Ковач бросил на нее свирепый взгляд, так как проходившие мимо покупатели уставились на них.
— Это, кстати, может объяснить, почему ты столько времени ими не пользуешься, — задумчиво продолжала Лиска. — Ты должен раскрыться, Сэм! Вступить в контакт с женской стороной твоей натуры.
— Если бы я мог контактировать с собственной “женской стороной”, то мне было бы незачем пользоваться… этими штуками.
— Тонко подмечено! И ты мог бы обзавестись своим телешоу — “Гермафродит из отдела убийств”. Тогда бы ты перестал завидовать Эйсу Уайетту.

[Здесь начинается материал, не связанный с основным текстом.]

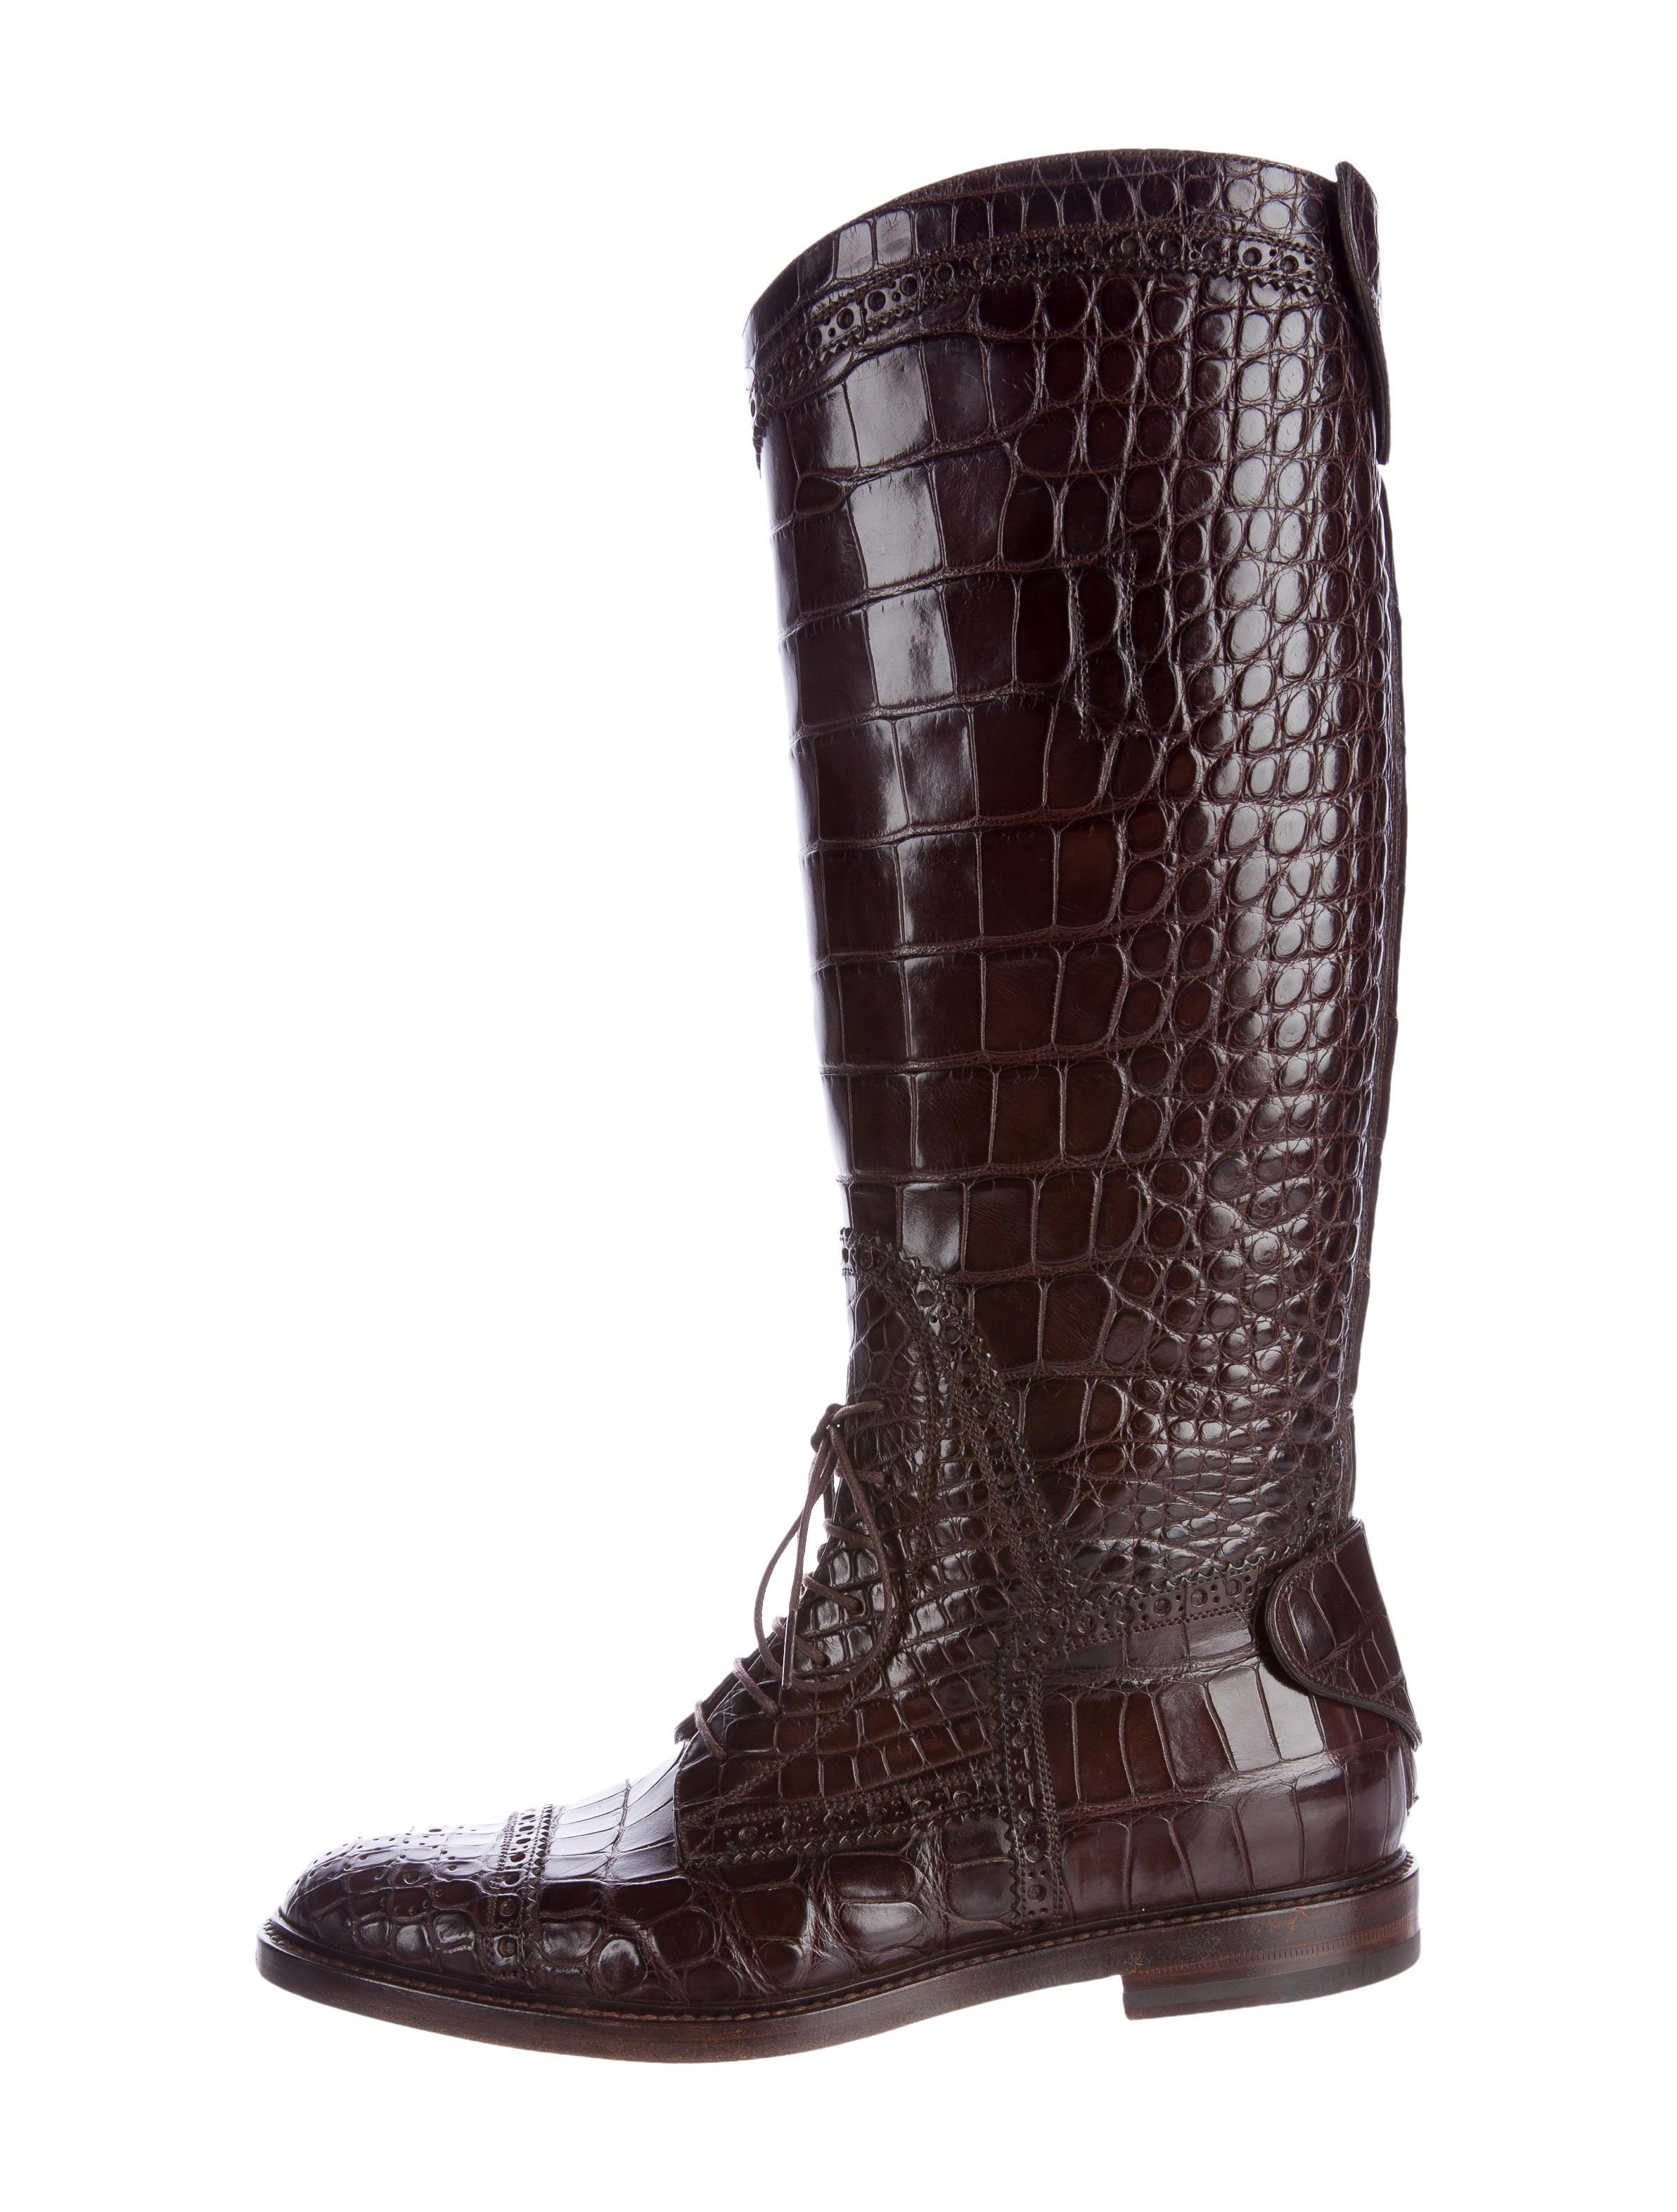 c7966eaabc4 Gucci Crocodile Knee-High Boots - Shoes - GUC110463

— Я ему не завидую. А вот ты явно неравнодушна к его ассистенту.
Лиска выпучила глаза:
— К Гейнсу?! Он же “голубой”!
— “Голубой” — или просто не проявляет к тебе интереса?
— Это одно и то же.
Ковач расхохотался.
— В любом случае, Динь, ты слишком хороша для этого слизняка. А Уайетт — напыщенное ничтожество. Они друг друга стоят.
— Кто бы говорил о напыщенности! Служение обществу, помощь людям, работа для жертв… Ковач сердито нахмурился.
— У Эйса Уайетта это все — рекламная шумиха, голливудские штучки. Он никогда не делал ничего, что бы не пошло ему на пользу.
— Он спас жизнь Майку Фэллону, — заметила Лиска.
— И стал легендой.
— Что ж, по-твоему, все было подстроено заранее?
Ковач поморщился, как будто проглотил что-то горькое.
— Хорошо, раз в жизни Эйс совершил достойный поступок, — признал он, когда они вышли наружу, вдыхая холодный воздух, насыщенный выхлопными газами. — Но это не означает, что он не ничтожество.
— Люди не так однозначны.
— Да, — согласился Ковач. — Поэтому я их и ненавижу. Уж лучше иметь дело с психами — по крайней мере, не нужно копаться в их сложной натуре.
Глава 20
Ко времени возвращения Ковача и Лиски на дежурство заступила новая смена и Леонард ушел, избавив их от необходимости докладывать о неудаче с Чамиквой Джоунс. Лиска намеревалась сделать несколько телефонных звонков, но, подумав, решила, что из кабинета лучше не звонить. Туда в любой момент мог кто-то заглянуть, а она не могла избавиться от ощущения, что все вокруг наблюдают за ней, напрягая слух. И все потому, что ей нужно было задать несколько вопросов, касающихся других копов.
Лиска считала себя крутой и способной выполнять любую работу, но этому делу она предпочла бы всякое другое — за исключением расследования убийства ребенка. Собирая вещи и выходя на улицу, Лиска думала о том, как бы она поступила, если бы дорога к успеху вела через БВД. Очевидно, выбрала бы другую дорогу.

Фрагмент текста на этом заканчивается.